Nested datasets and oversampling

Does datasets support nested datasets? I have a nested dataset path dict, e.g.,

{
	a: {
		train:
		dev:
		test:
	},
	b: {
		train:
		dev:
		test:
	}
}

and load_dataset seems unhappy with this structure (TypeError: expected str, bytes or os.PathLike object, not dict). Does that imply I have to do load_dataset for each sub-dataset and then merge them together?

Further, is there any support for over/undersampling given multiple (sub-)datasets? Thanks a lot!

Hi !
Indeed load_dataset is used to load only one dataset. This dataset can have several splits though.
In your case you have to call load_dataset once per dataset.

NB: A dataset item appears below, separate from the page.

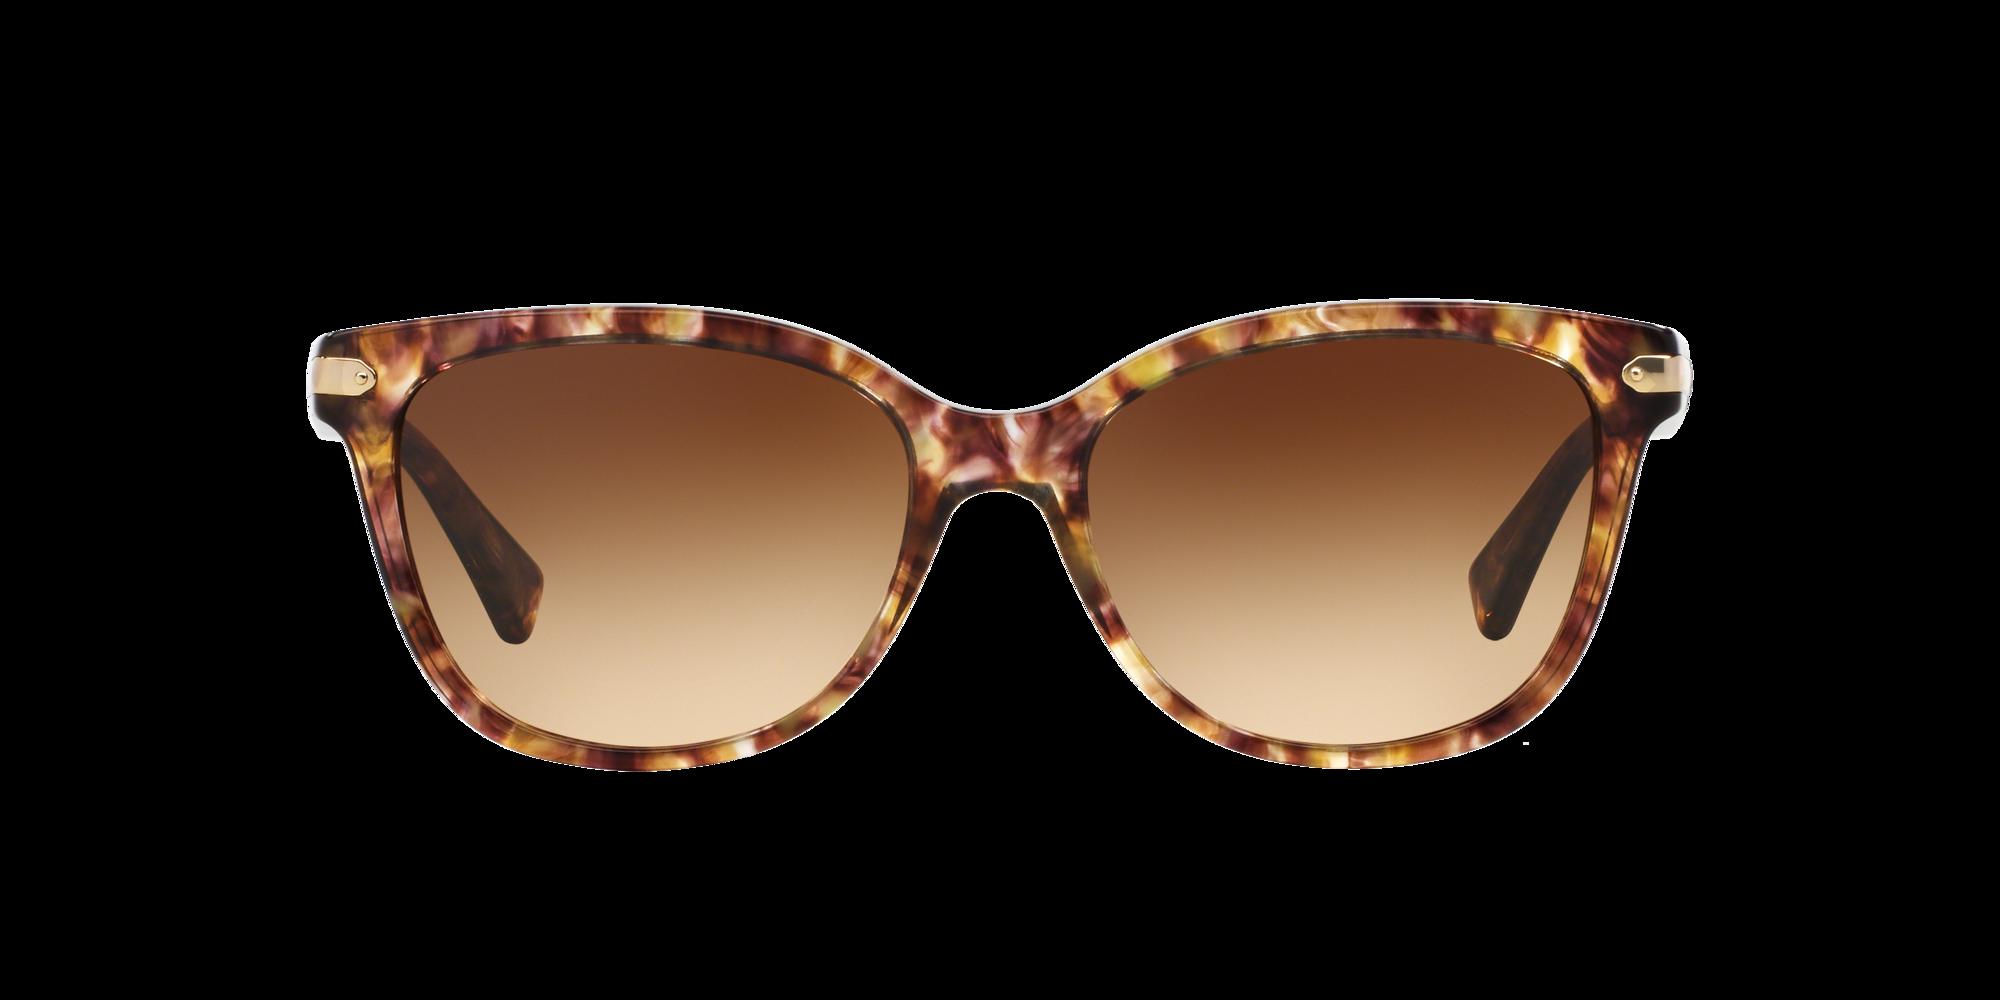 Imagen para HC8132 57 L109 de LensCrafters    Espejuelos, espejuelos graduados en línea, gafas
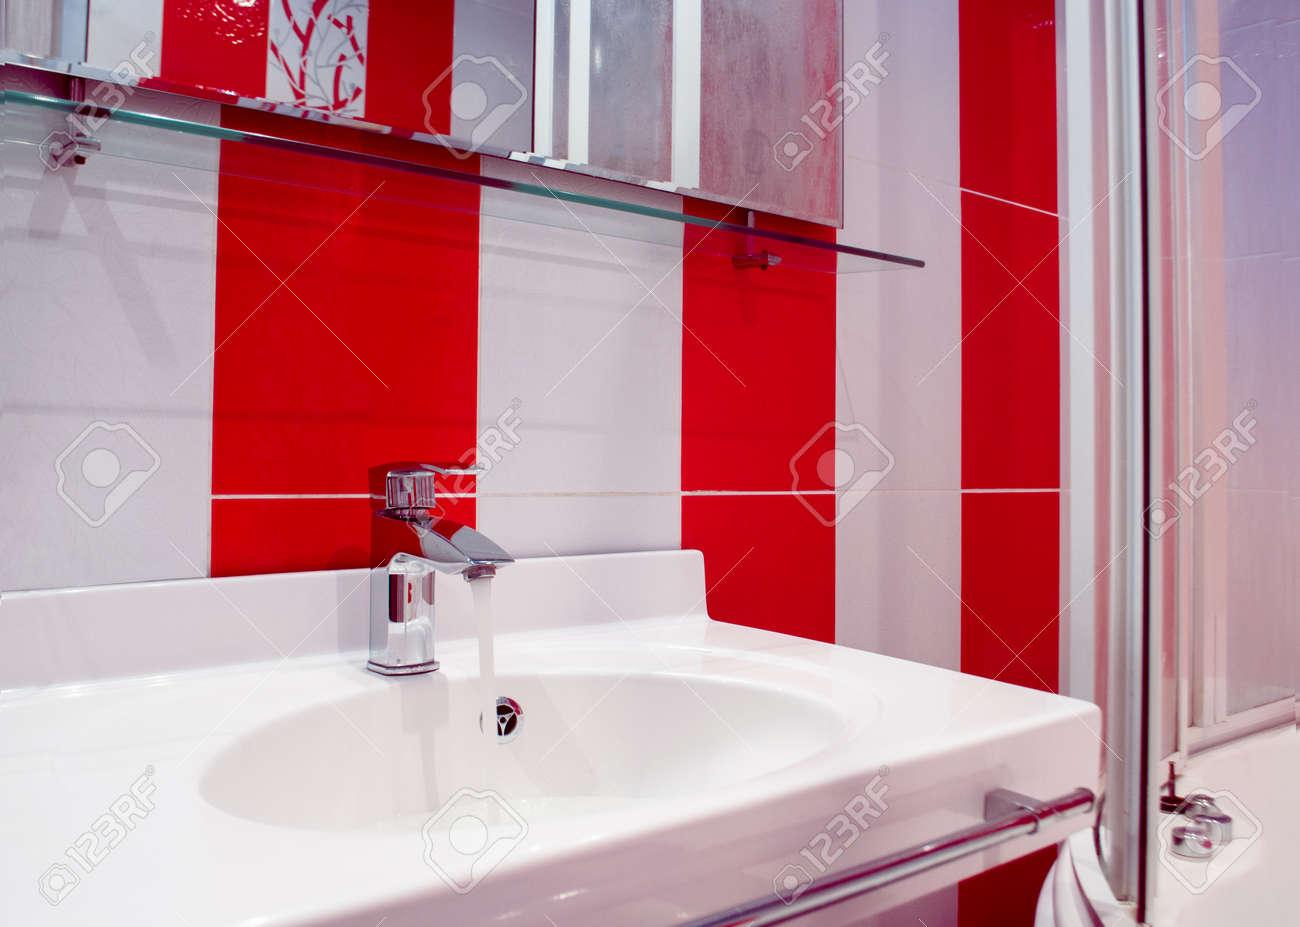 Banque Du0027images   Splashy Intérieur De Salle De Bain En Couleurs Rouge Et  Blanc Dans Un Style Moderne

Regarding over/undersampling, we are adding an interleave_datasets functions that creates a new dataset from several datasets. By default it alternates between each original dataset, but you can specify sampling probabilities to over/undersample from the original datasets :slight_smile:
It will be available in the next release of the library.

What you can do in the meantime is use a mix of shuffle and conatenate_datasets.
If you have dataset1 and dataset2 and want to get dataset3 with 10 examples from datasets1 and 90 examples from dataset2 you can do:

from datasets import concatenate_datasets

seed = 42
dataset3 = concatenate_datasets([
    dataset1.shuffle(seed=seed).select(range(10)),
    dataset2.shuffle(seed=seed).select(range(90)),
])
1 Like

Thanks for the reply! Regarding shuffling, my understanding is that by default when using trainer the dataset will be shuffled and then batched. So if I don’t need sampling, I could just concat all datasets and pass it to the trainer. Is that right?

I don’t think the trainer shuffles the data, so you should probably shuffle the dataset after concatenation

EDIT: actually it does, see thom’s comment

But it doesn’t seem to have any explicit mention of shuffling in the official examples, for which if there is no default shuffling in trainer then there should be issues (e.g., there is no “shuffl*” in this example)?

Yes the HF trainer shuffle the examples (see here for instance: transformers/trainer.py at 4605b2b8ec5512a5ea125773bcaa4b0014b32d50 · huggingface/transformers · GitHub)

1 Like